The Spread of Rabies Among Dogs in Pranburi District, Thailand: A Metapopulation Modeling Approach.

Rabies, a deadly zoonotic disease, is causing serious public health problems worldwide. Dogs are considered the main reservoir for rabies infection in humans. A better understanding of the dissemination of rabies in the dog population is crucial. The present study, therefore, aimed to explore the subpopulation of dogs roaming around rabies-outbreak areas and the model of its possible spread. We used a Cross-K function to investigate the spatial clustering between the locations of dog rabies cases and the feeding points of a stray dog feeder. We then observed the social interaction of dogs in a community using a metapopulation analysis and further simulated the possible spread of rabies within this population. We found that the reported rabies cases were spatially clustered with the routes of the dog feeder. Therefore, more sustainable stray dog management is required. Based on our community dog observations, we found 20 groups comprising 222 dogs with an average of 11 dogs per group. In our infectious model, we suggested that 47.7% of dogs are likely to be infected in a year if no interventions are implemented.
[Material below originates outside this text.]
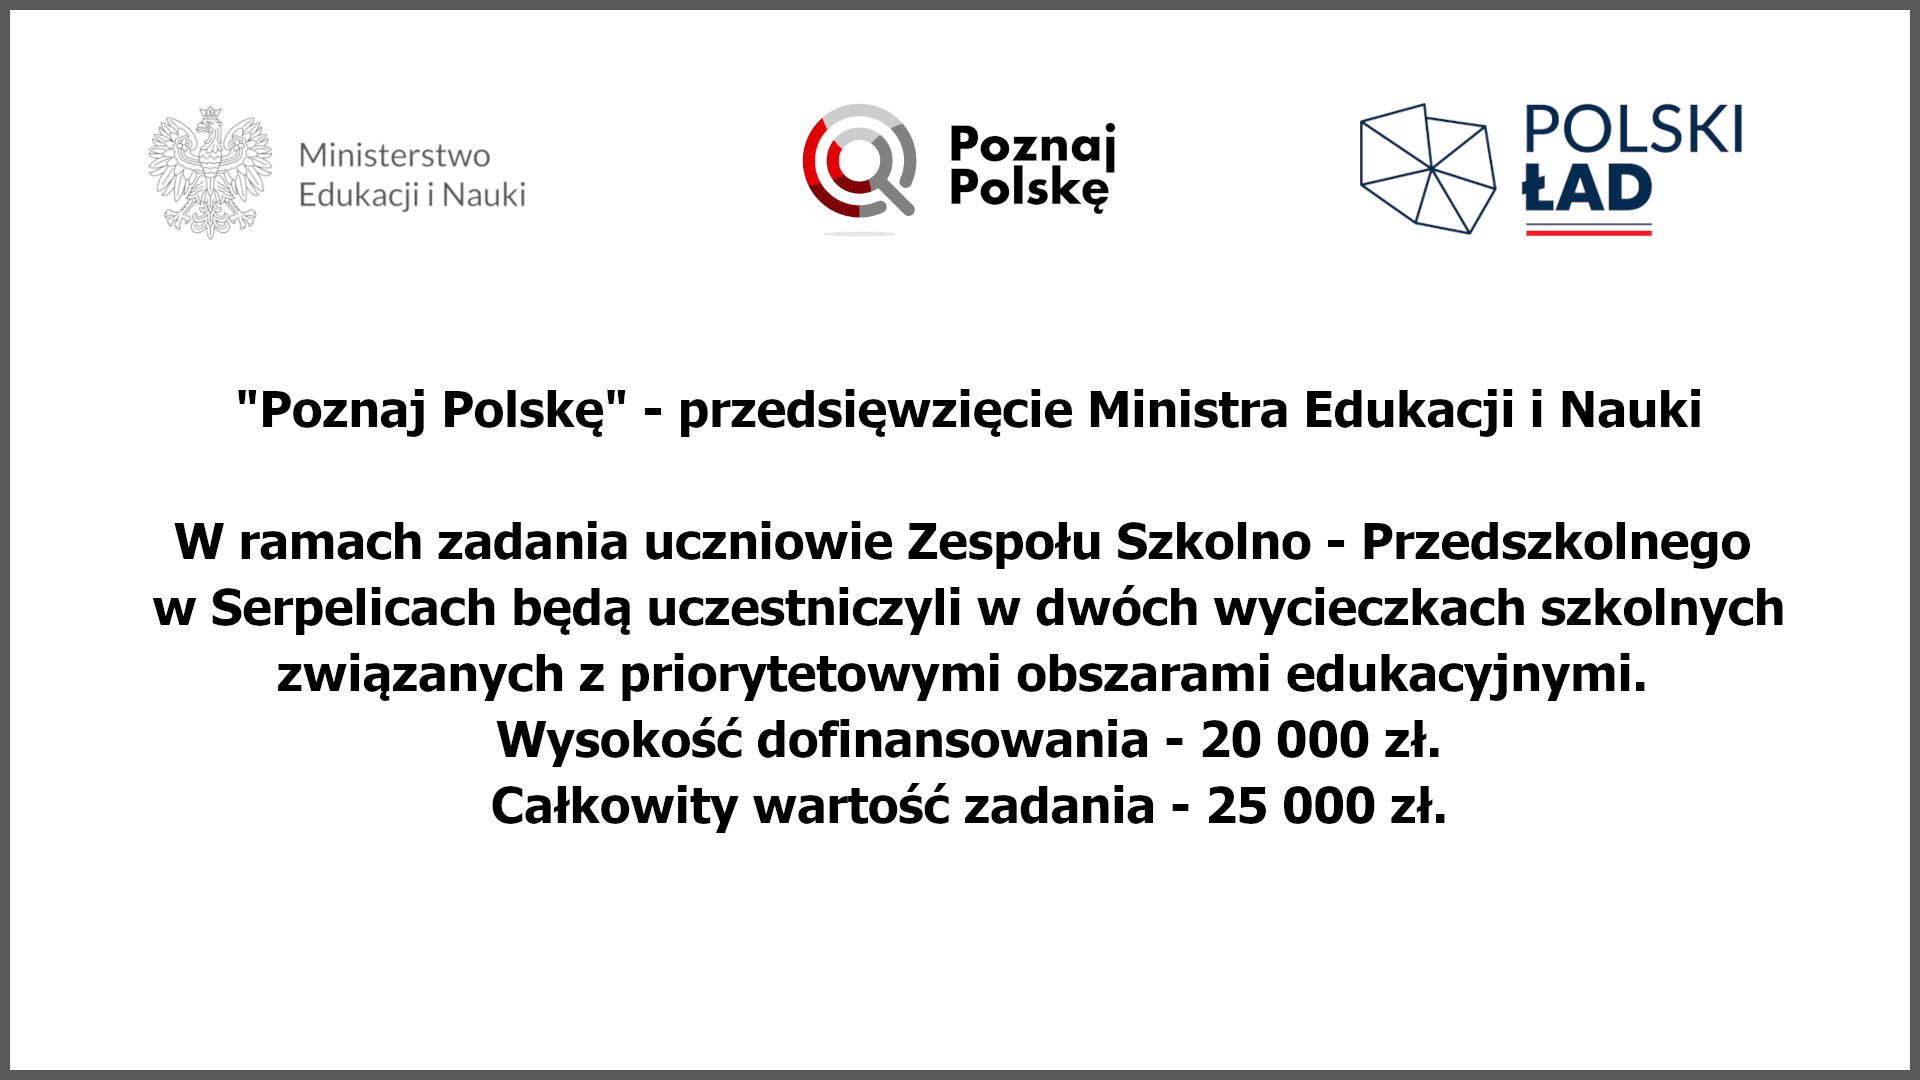 Informacja - tablica projekt "Poznaj Polskę"

Therefore, the veterinary authorities should rigorously strengthen their rabies prevention and control strategies to protect both animal and human health.

Introduction

Rabies is a fatal zoonotic disease caused by rabies virus belonging to the genus Lyssavirus within the family Rhabdoviridae. Cases of this disease have been reported in 150 countries globally with 59,000 human deaths worldwide annually. Over half of these human cases are <15 years old (1). In animals, a wide variety of mammals serve as hosts for the virus, for example, dogs, cats, cattle, buffaloes, horses, weasels, bats, foxes, and raccoons (2). However, 95% of the cases in dogs and cats were reported in Asia and Africa where stray animals were present.
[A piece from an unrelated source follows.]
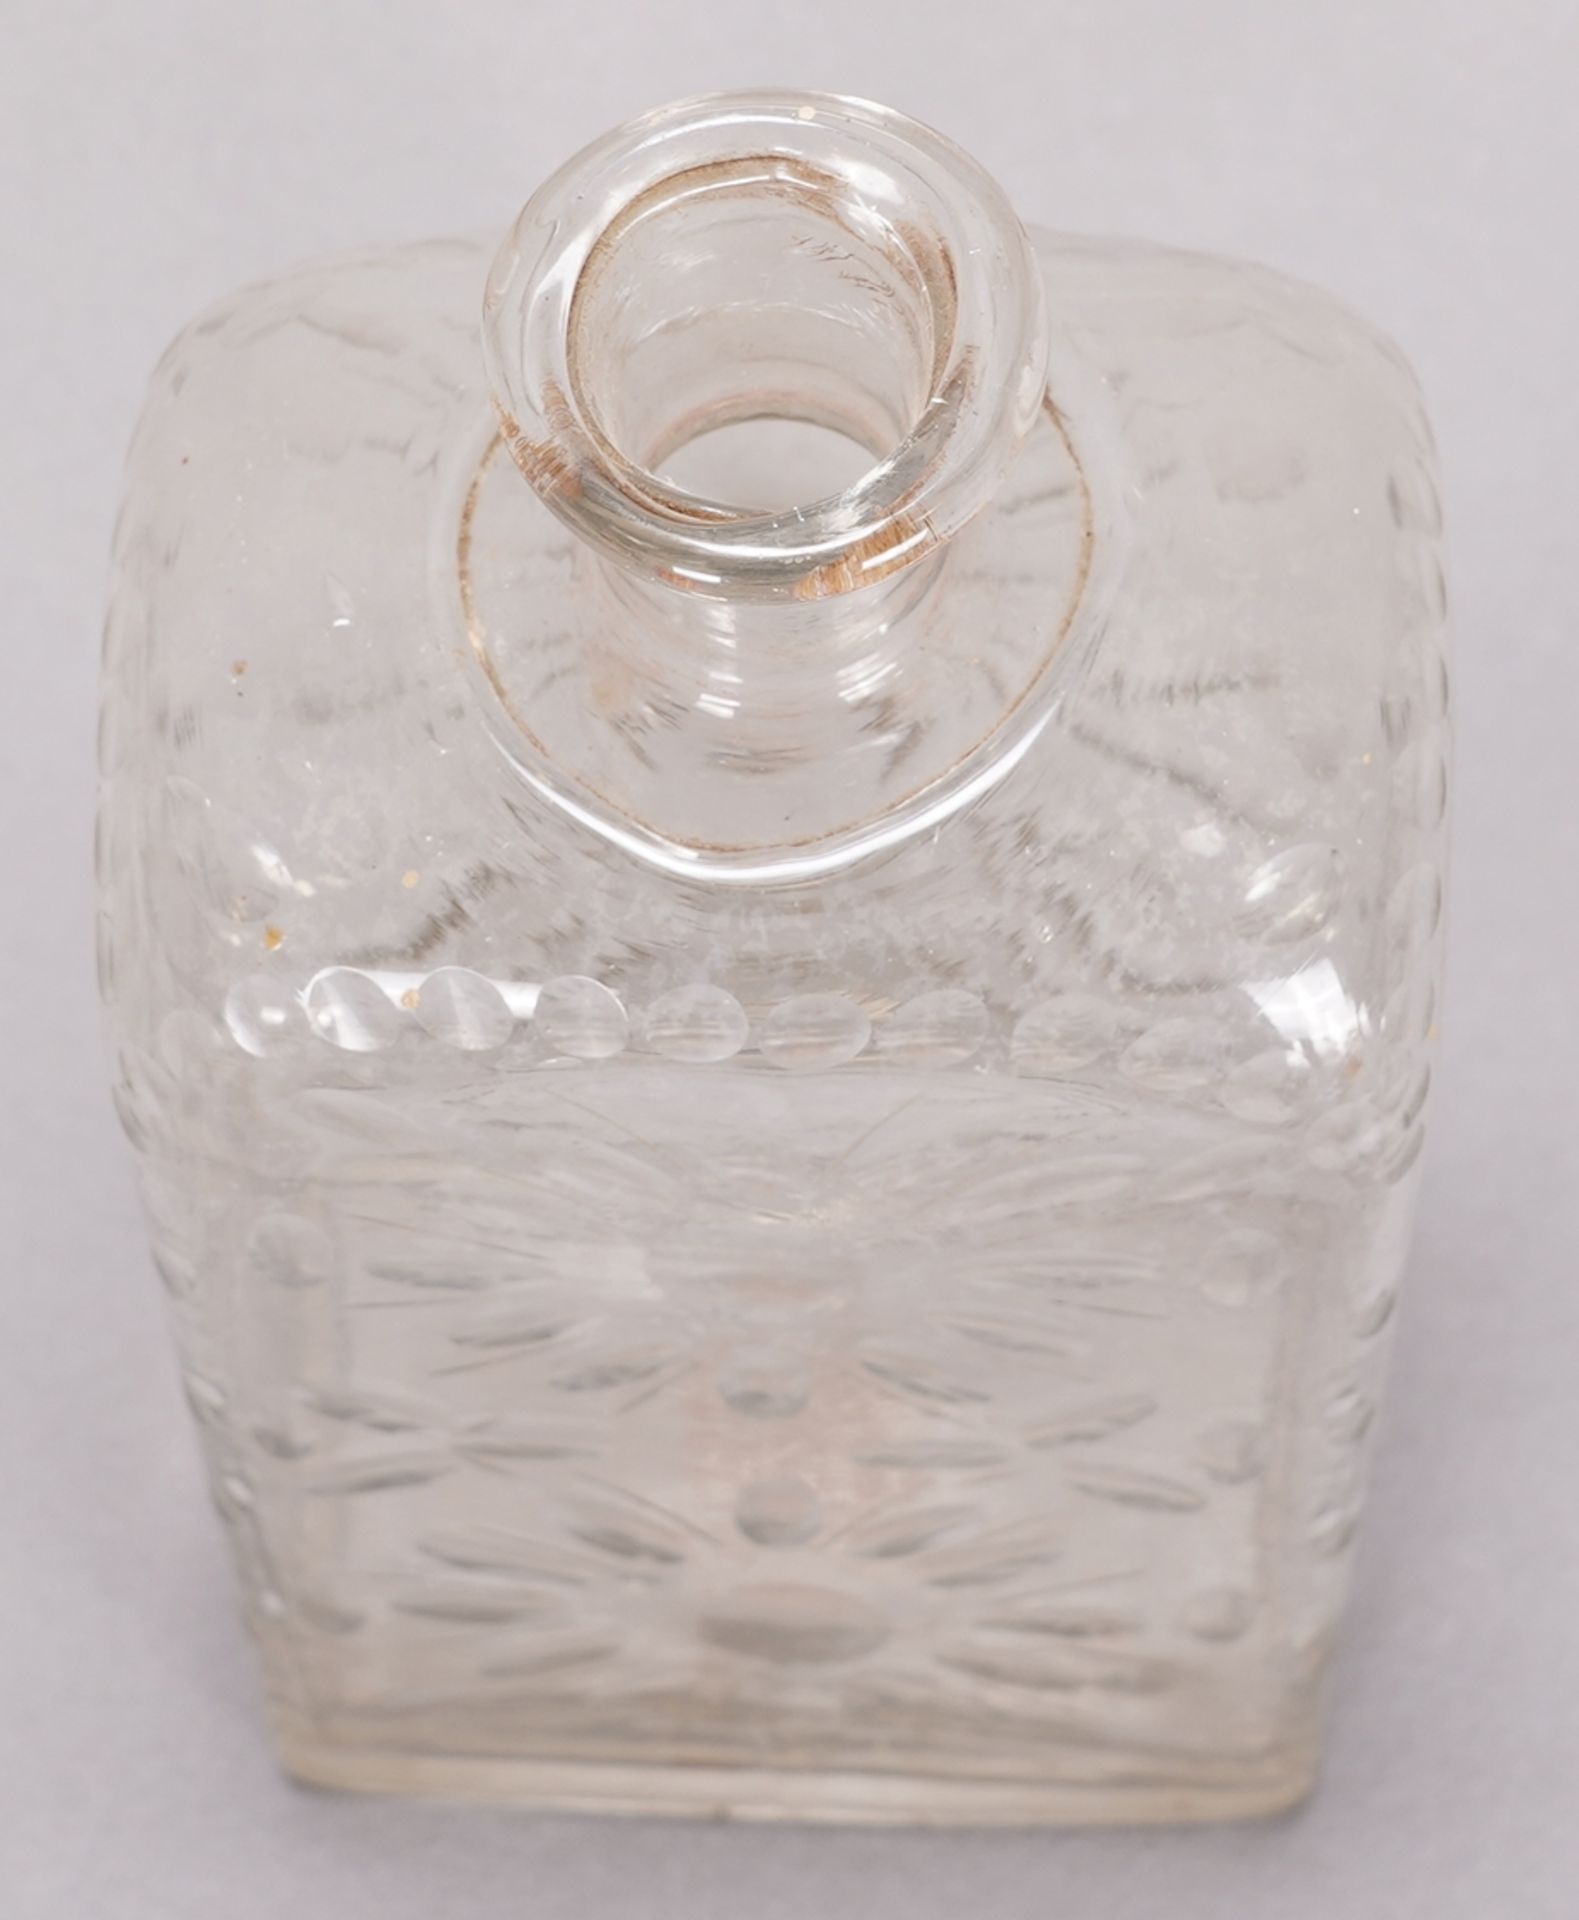 Bottle - Image 2 of 3

Thailand is one of the rabies endemic countries with its rapid spread across the country in recent years. In 2017, 87% of the rabies tested positive animal samples (1281/1469) were dogs (3). Thus, dogs are considered the main reservoir of rabies in Thailand. The occurrence of dog rabies cases has been continuously detected in all regions of Thailand mainly due to the failure of rabies vaccination coverage in the dog population from lack of accurate information on targeted population and socioeconomic factors of pet owners, lack of effective dog population management and control, and limited participation of local administration. Moreover, in 2012–2018, animal rabies cases had been reported in all provinces located in the western region of the country through both active and passive surveillance systems by the department of livestock development (DLD). However, the estimated distribution of dog population in the western region was less than that in other regions. Within this period, the highest number of cases was found in Prachuap Khiri Khan province, in which 85.7% of the cases (36/42) were dogs, while the rest were cats (5/42) and horses. In 2016–2018, most of the cases [30] were recognized in Pranburi district. This area is, hence, worth exploring extensively for rabies transmission in the dog population.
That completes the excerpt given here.